25. The Supreme Court set forth guiding principles applicable in the exercise of that discretion in the case of Jasbir Singh Rai & 3 others v. Tarlochan Singh Rai & 4 others, SC Petition No. 4 of 2012 [2014] eKLR, as follows: -(18)It emerges that the award of costs would normally be guided by the principle that “costs follow the event”: the effect being that the party who calls forth the event by instituting suit, will bear the costs if the suit fails; but if this party shows legitimate occasion, by successful suit, then the defendant or respondent will bear the costs. However, the vital factor in setting the preference is the judiciously-exercised discretion of the Court, accommodating the special circumstances of the case, while being guided by ends of justice. The claims of the public interest will be a relevant factor, in the exercise of such discretion, as will also be the motivations and conduct of the parties, before, during, and subsequent to the actual process of litigation…. Although there is eminent good sense in the basic rule of costs– that costs follow the event – it is not an invariable rule and, indeed, the ultimate factor on award or non-award of costs is the judicial discretion. It follows, therefore, that costs do not, in law, constitute an unchanging consequence of legal proceedings – a position well illustrated by the considered opinions of this Court in other cases.
26. The Court of Appeal in the case of Farah Awad Gullet v CMC Motors Group Limited [2018] KECA 158 (KLR) had this to say:“It is our finding that the position in law is that costs are at the discretion of the court seized up of the matter with the usual caveat being that such discretion should be exercised judiciously meaning without caprice or whim and on sound reasoning secondly that a court can only withhold costs either partially or wholly from a successful party for good cause to be shown.
27. Costs follow the event.

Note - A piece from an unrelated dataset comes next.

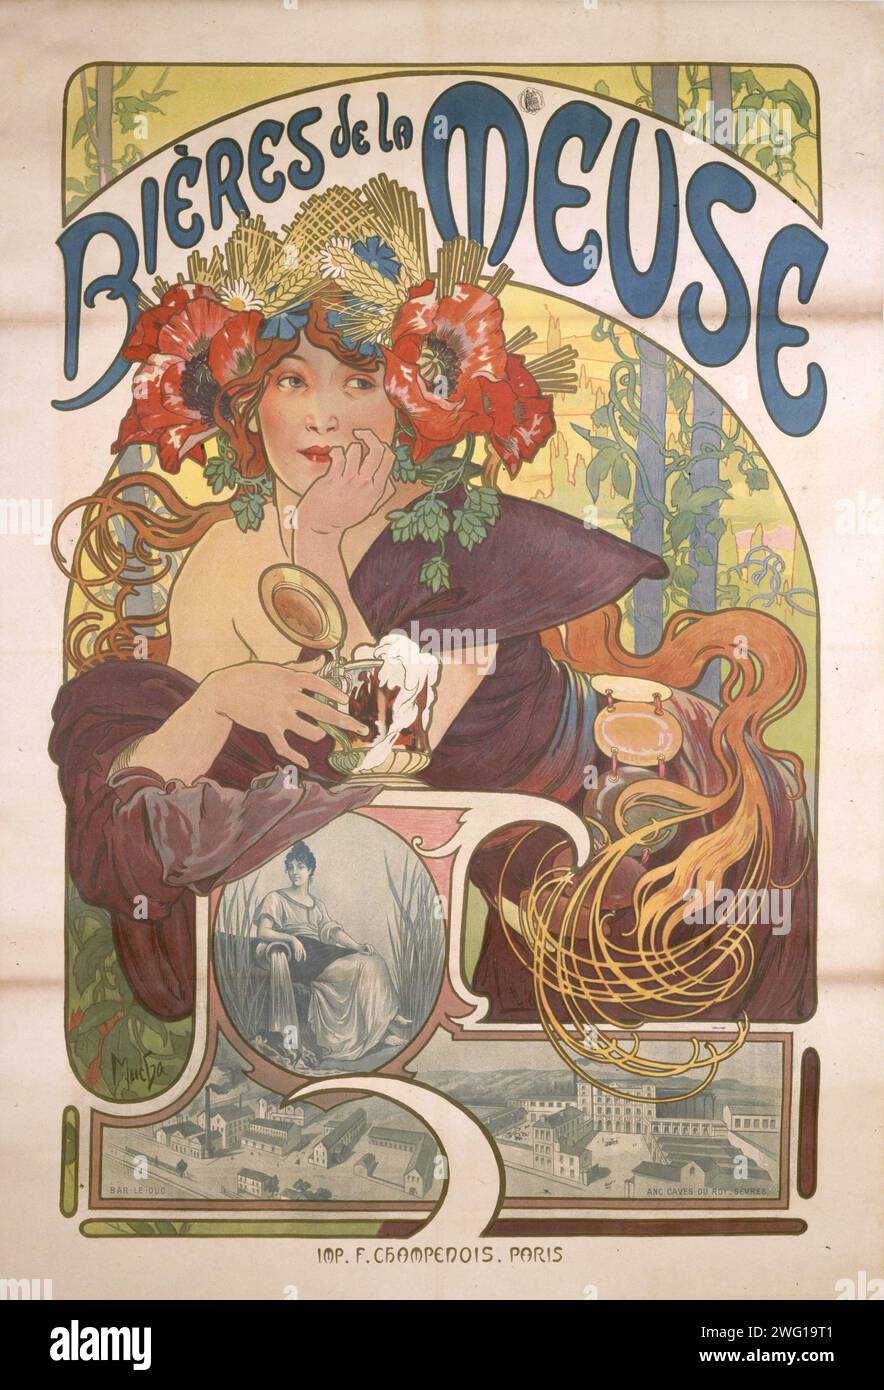 Alphonse Mucha (1860-1939). "Bières de la Meuse", poster. Poster in stile Art Nouveau che pubblicizza la birra della regione francese de Meuse Foto Stock
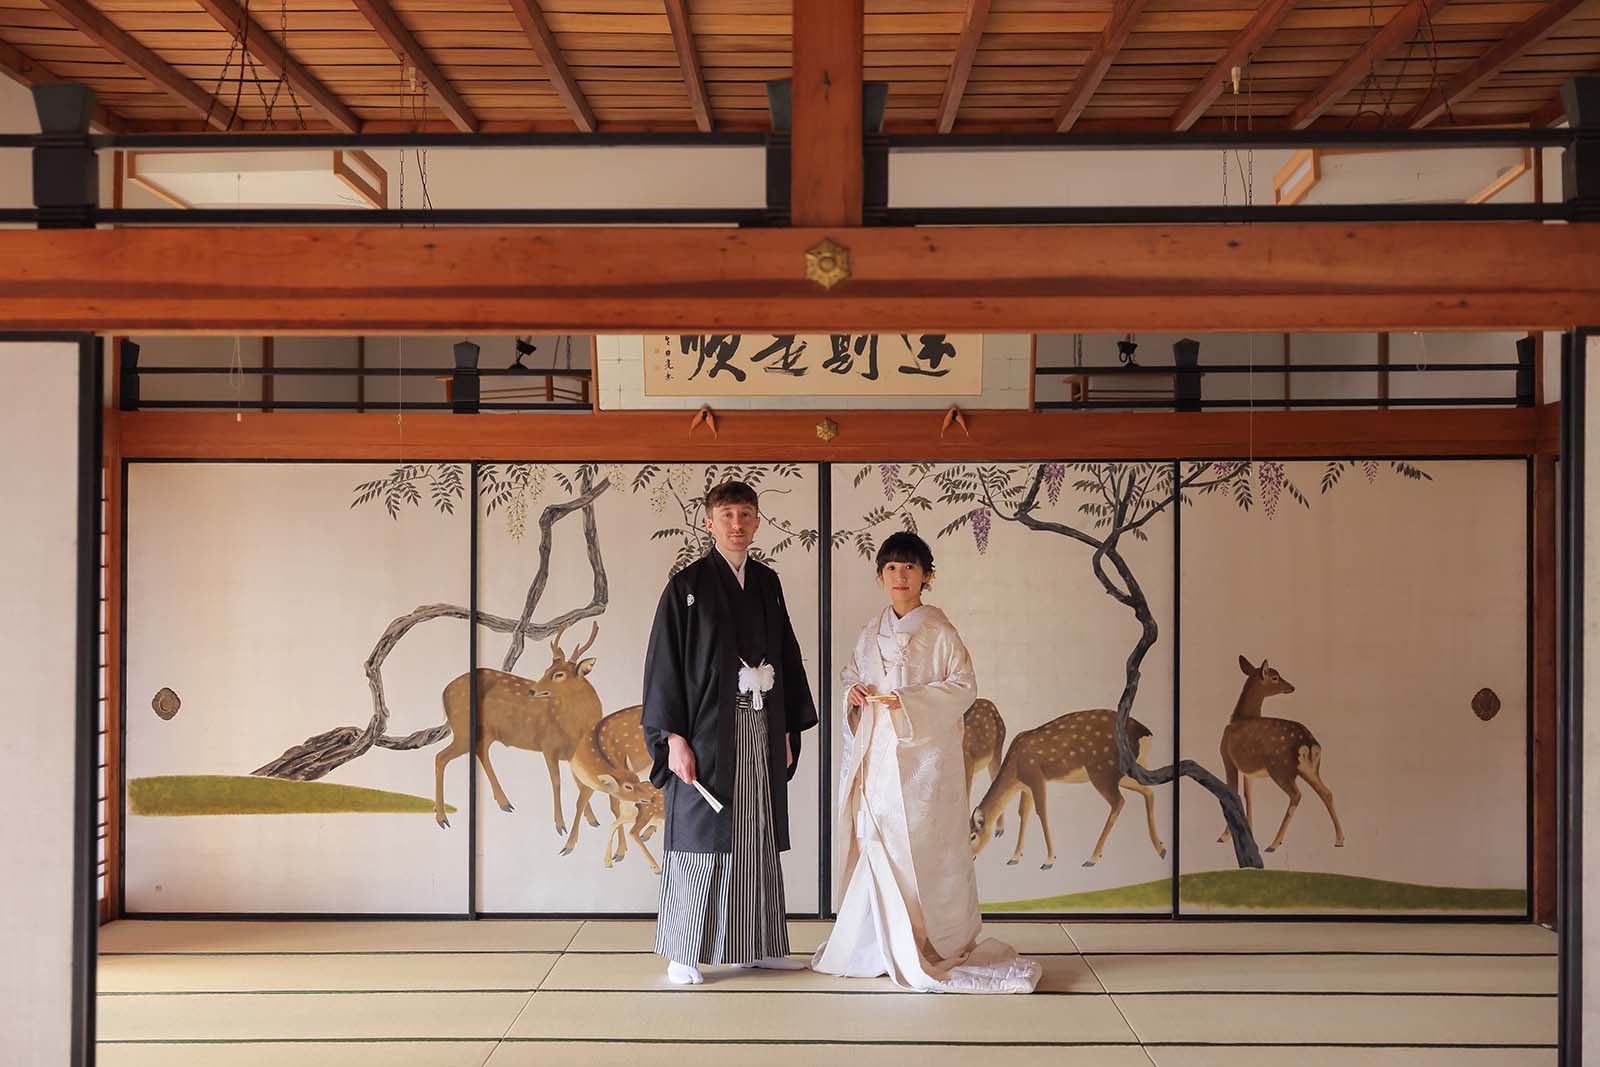 妙蓮寺様の鹿の襖絵前にて。フランスと日本の国際結婚のカップル様

In this case, the event is dismissal of the appeal. The appeal is dismissed with costs to the Respondent.
Determination 28. In the upshot, I make the following orders:-i.The appeal is dismissed with costs to the Respondent.ii.File is closed.
DELIVERED, DATED and SIGNED AT NYERI ON THIS 7TH DAY OF MARCH, 2025. JUDGMENT DELIVERED THROUGH MICROSOFT TEAMS ONLINE PLATFORM.KIZITO MAGAREJUDGEIn the presence of: -Appellant in personNo appearance for the RespondentCourt Assistant – MichaelM. D. KIZITO, J.